Anyway, my model is online and I’d love if people could test it: https://doc.cartola.org/ you can send images with rusted or clean metal and tell me if it worked or not. The problem is that it is in Portuguese, my native language, as I wanted my fellows to use it. If you’re able to send it an image or URL then the result “Resultado: com ferrugem” means it detected rust on the image and “sem ferrugem” means “without rust” (with = com, without = sem).

I’ve basically used the project from Natalie Downe that created a cougar or not web application over the weekend and won the Science Hack Day award in San Francisco (as mentioned in Lesson 2). Her project was my start point and I’ve basically adapted it for me, not upgrading it.

Thanks.

Practical DL for Time Series
For those of you interested in Time Series data, I’ve just uploaded a github (more info here) called timeseriesAI where I’ve shared fastai time series code, some state-of-the-art Pytorch models, and a notebook to demo how to integrate everything. You’ll see you can achieve great results in a few minutes leveraging fastai.

6 Likes

Hey, awesome-fastai is live. I think , I can make a projects section there. suggestions welcome. lots of refactoring needed.

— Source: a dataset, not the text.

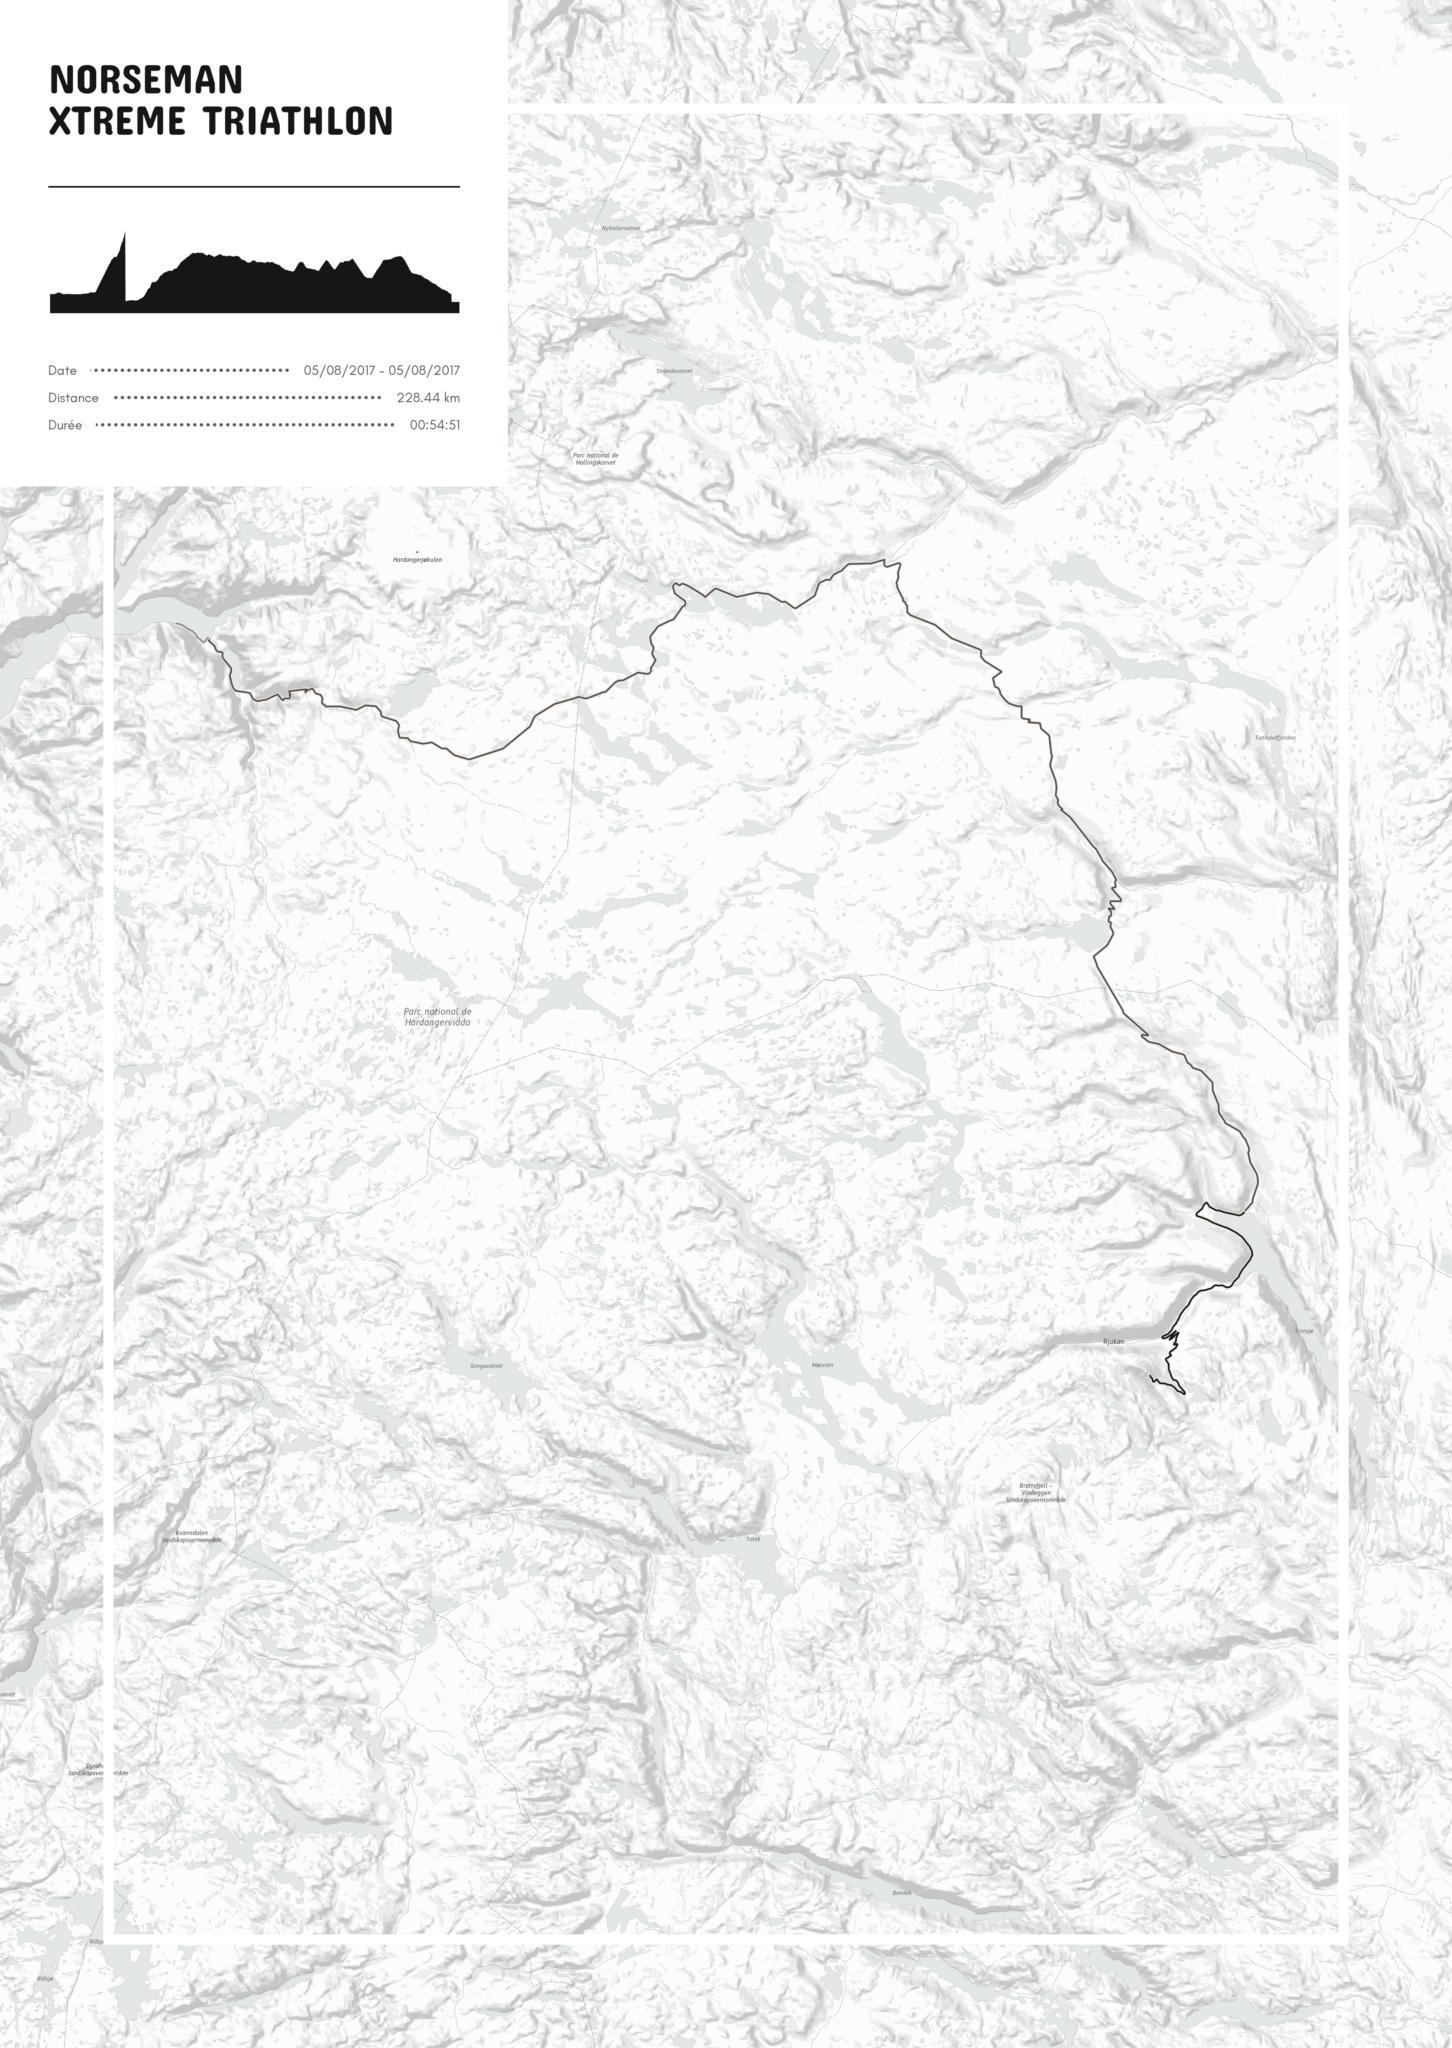 poster-Norseman  Xtreme Triathlon
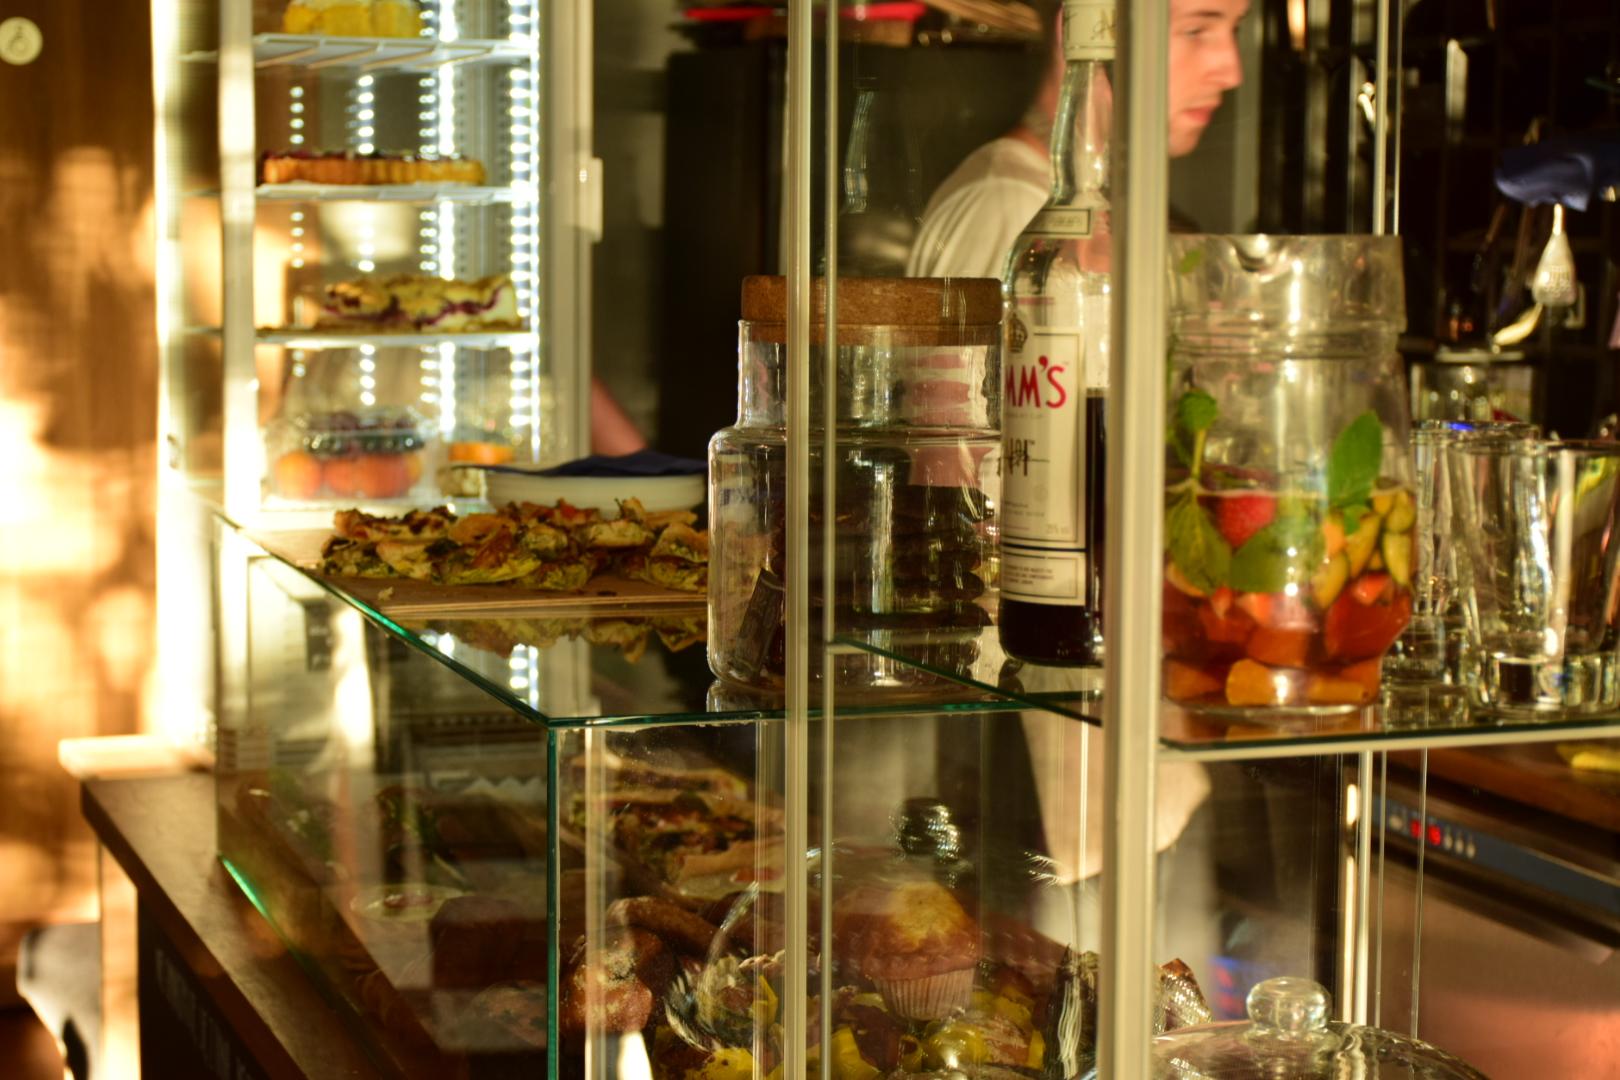 Kofeina cafe, photo: Michal Gornisiewicz

https://twitter.com/iamShashank/status/1179100146178523138

2 Likes

Hi all,

I just wanted to share my little test project:

Adapting some code from Lesson 1, I was able to look at images of African Grey parrots, and identify the species: “Timneh” or “CAG” with 82% accuracy.

They look fairly similar, so I’m pleased with this!

I have more exciting ideas following from this which I’ll share if/when they’re coded up!

Cheers,
Lloyd

1 Like

In case it is of interest, this cloud detection thing ended up being weirdly useful.
As my goal is to create practical models for each fast.ai application,
I ended up negotiating with the Cloud Appreciation Society (https://cloudappreciationsociety.org/), training the model on their cloud dataset (over 150 000 clouds, probably largest in the world)
and we used the trained model to add a cloud detector in their Cloud-A-Day app ( https://play.google.com/store/apps/details?id=com.cloudappreciationsociety.cloudaday&hl=en).

The model (single-class 11 categories [10 main cloud types + not-a-cloud], resnet50) is now used daily in production by their members which are “over 46,000 members worldwide from 120 different countries, as of January 2019” which, as a lover of clouds of the physical type, I find pretty cool.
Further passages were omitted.